1. What’s moving the stock today

FactSet (FDS) is down after the market digests its most recent quarterly results through a profitability lens, with investors emphasizing margin compression rather than the company’s growth metrics. In its fiscal second quarter (ended February 28, 2026), FactSet reported revenue growth and accelerating organic ASV, but also a notable year-over-year decline in GAAP and adjusted operating margins—fueling concerns that investment spending and cost inflation are limiting near-term operating leverage. (investor.factset.com)

2. The key numbers investors are reacting to

For fiscal Q2 2026, FactSet reported GAAP revenue of $611.0 million (+7.1% year over year) and organic ASV of $2.449 billion (+6.7% year over year). However, GAAP operating margin fell to 30.3% (down about 220 basis points year over year) and adjusted operating margin fell to 35.0% (down 230 basis points), with management attributing the margin decline largely to higher employee compensation costs and technology-related expenses. (investor.factset.com)

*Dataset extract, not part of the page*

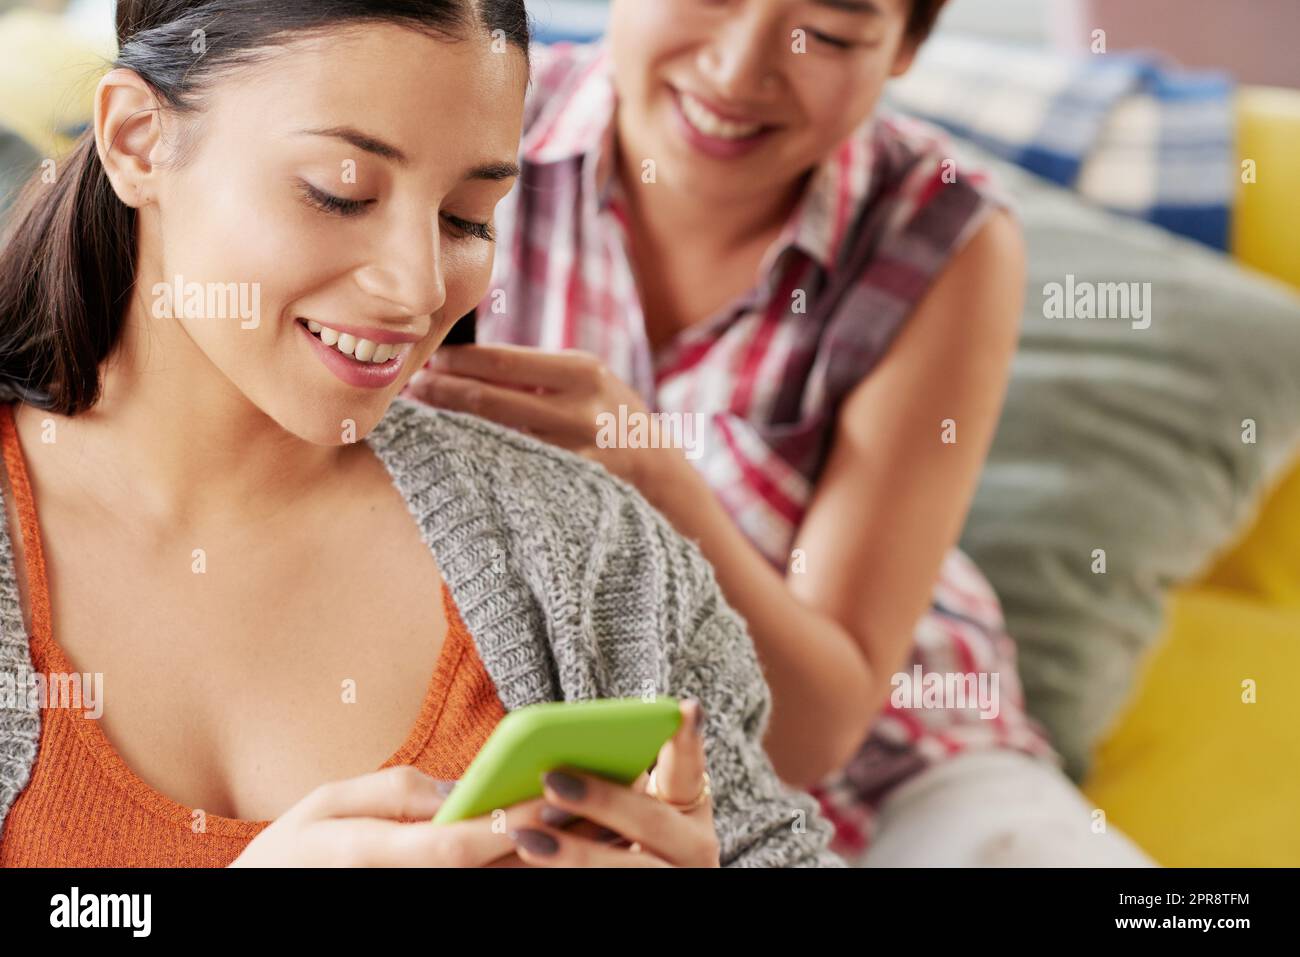 Sehen Sie sich diesen Text an. Eine Frau, die auf ihrem Handy etwas ansieht, während ihre Freundin ihre Haare macht. Stockfoto

3. Guidance and what it implies

FactSet updated fiscal 2026 guidance, including adjusted diluted EPS of $17.25 to $17.75 and GAAP revenue of $2.45 billion to $2.47 billion, alongside expected organic ASV growth of $130 million to $160 million. Even with the raised growth outlook, the stock’s pullback suggests investors want clearer evidence that spending—particularly on technology and AI-related initiatives—will translate into sustained margin stabilization or re-expansion. (investor.factset.com)

4. What to watch next

Near term, the debate is likely to center on whether FactSet can keep ASV momentum while controlling costs enough to rebuild operating leverage. Investors will also monitor how quickly new product initiatives and workflow integrations convert into recurring revenue at attractive incremental margins, and whether capital returns (buybacks) can offset multiple compression if margins remain under pressure. (investor.factset.com)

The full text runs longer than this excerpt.